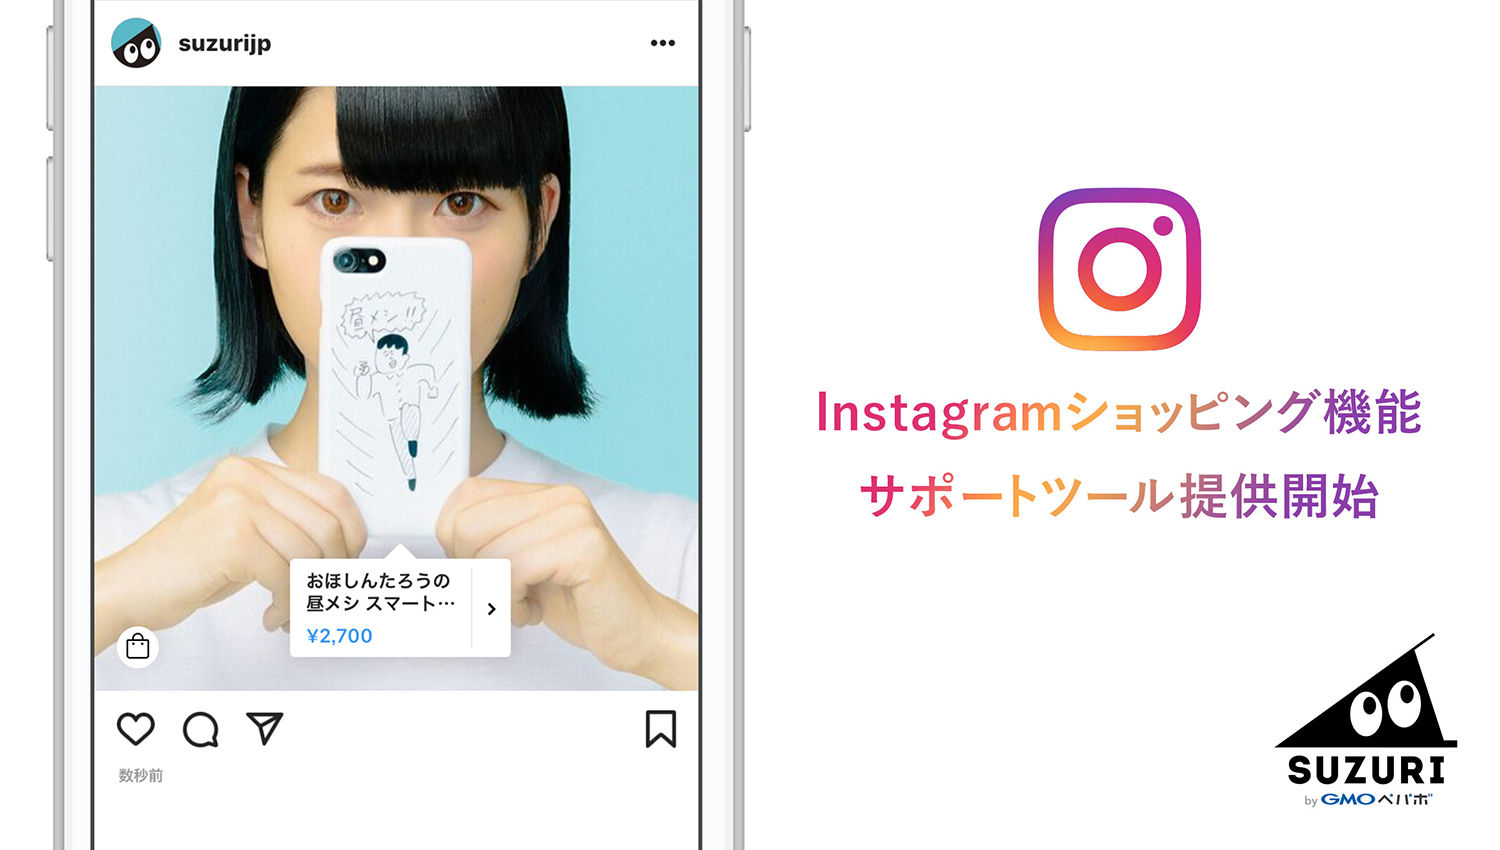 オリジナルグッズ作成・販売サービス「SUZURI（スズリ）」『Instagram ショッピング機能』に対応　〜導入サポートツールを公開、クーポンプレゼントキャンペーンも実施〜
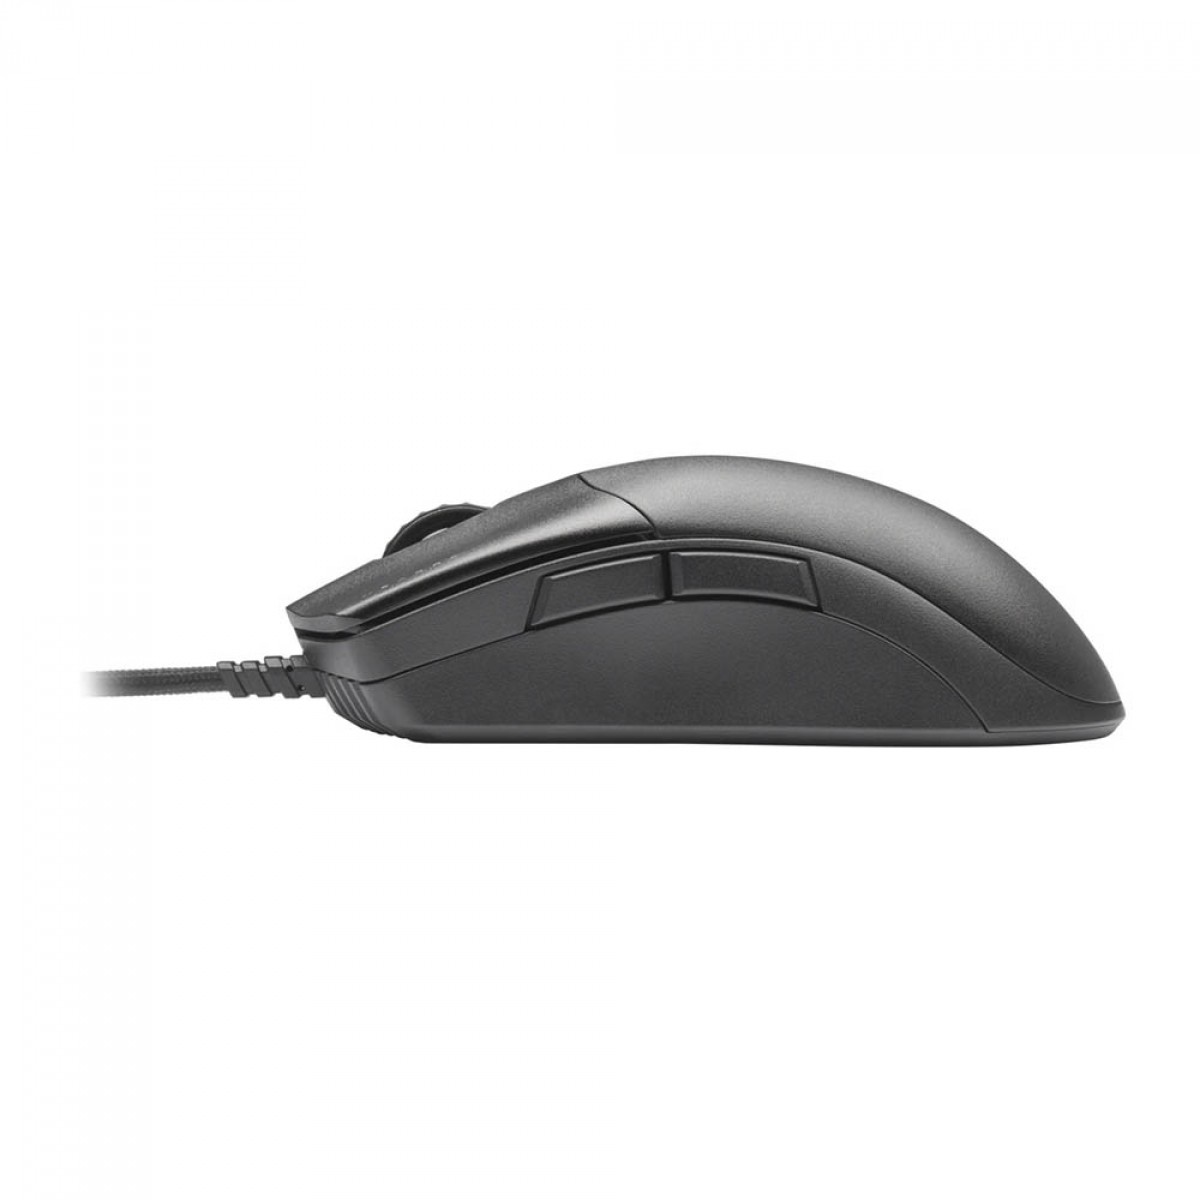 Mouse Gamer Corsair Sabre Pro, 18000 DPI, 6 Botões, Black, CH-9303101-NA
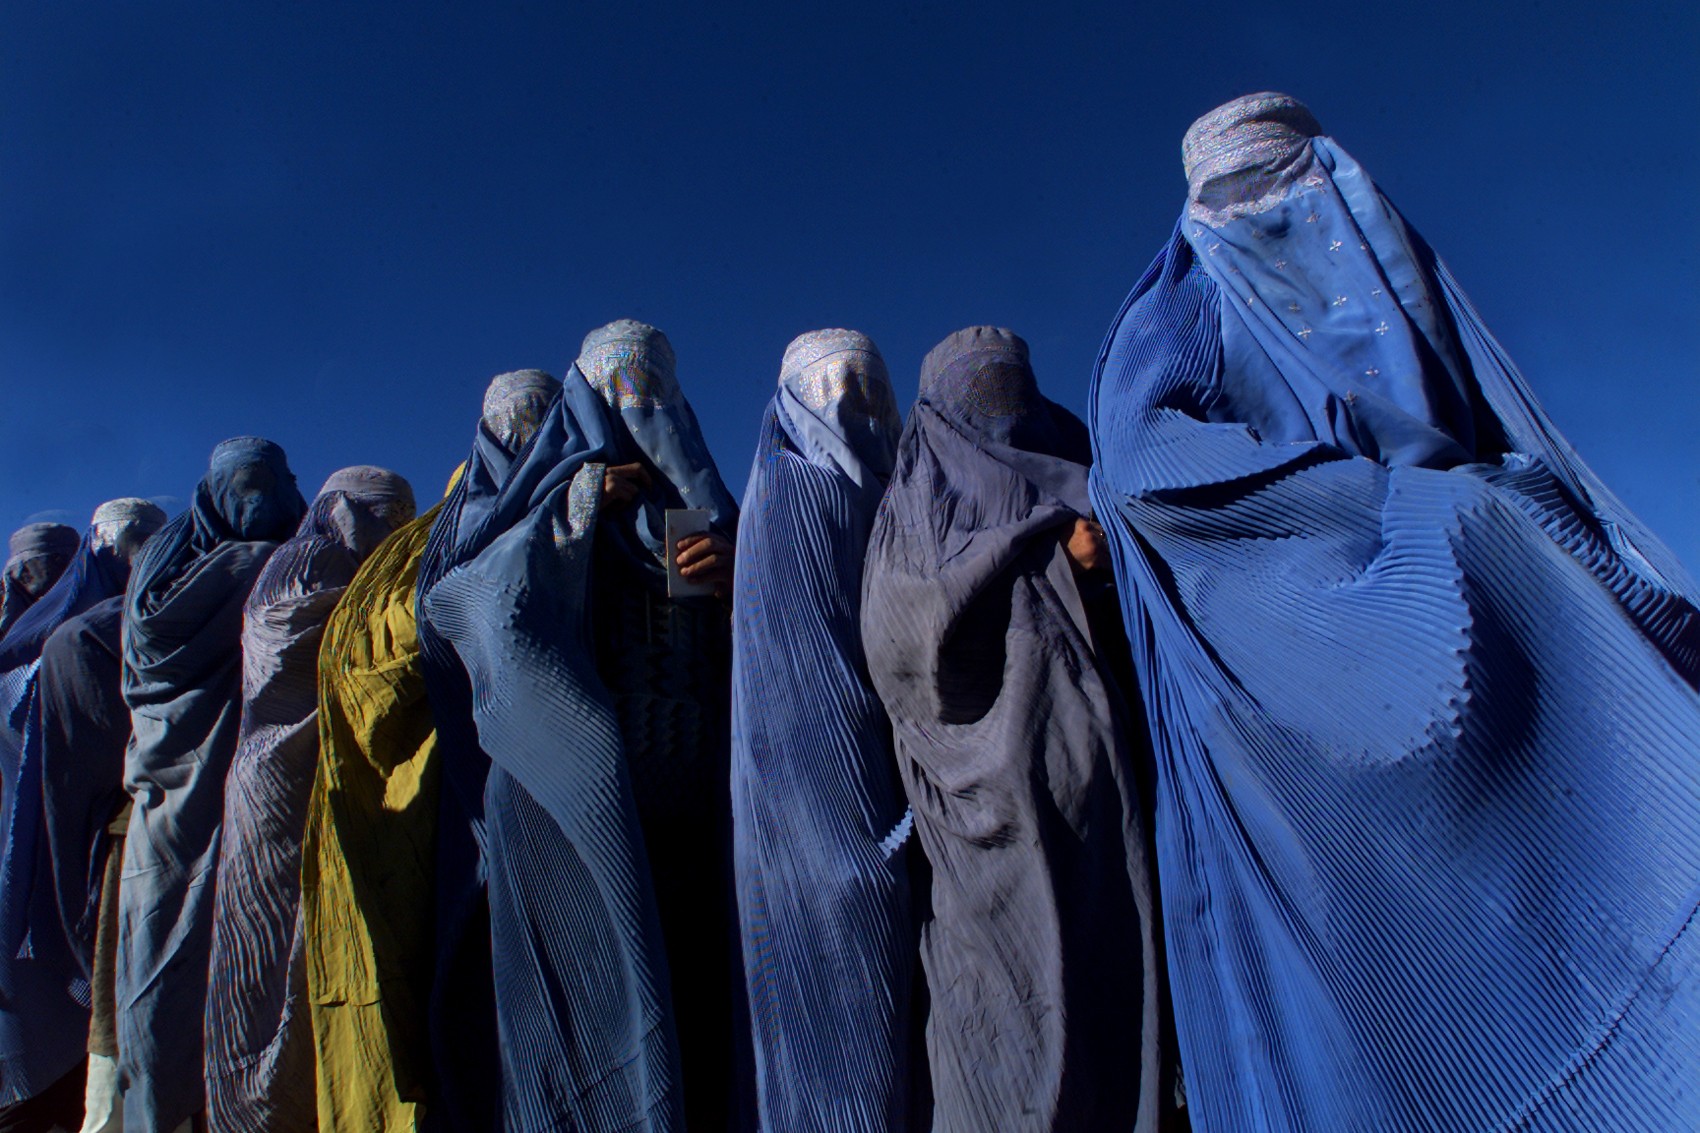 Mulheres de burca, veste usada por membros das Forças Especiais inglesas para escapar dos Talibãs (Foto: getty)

> **TASK STATEMENT**
Only the pictures should be left out; the rest of the material above must be repeated exactly.

> **OUTPUT OF THE TASK**
 オリジナルグッズ作成・販売サービス「SUZURI（スズリ）」『Instagram ショッピング機能』に対応　〜導入サポートツールを公開、クーポンプレゼントキャンペーンも実施〜
 Mouse Gamer Corsair Sabre Pro, 18000 DPI, 6 Botões, Black, CH-9303101-NA
 Mulheres de burca, veste usada por membros das Forças Especiais inglesas para escapar dos Talibãs (Foto: getty)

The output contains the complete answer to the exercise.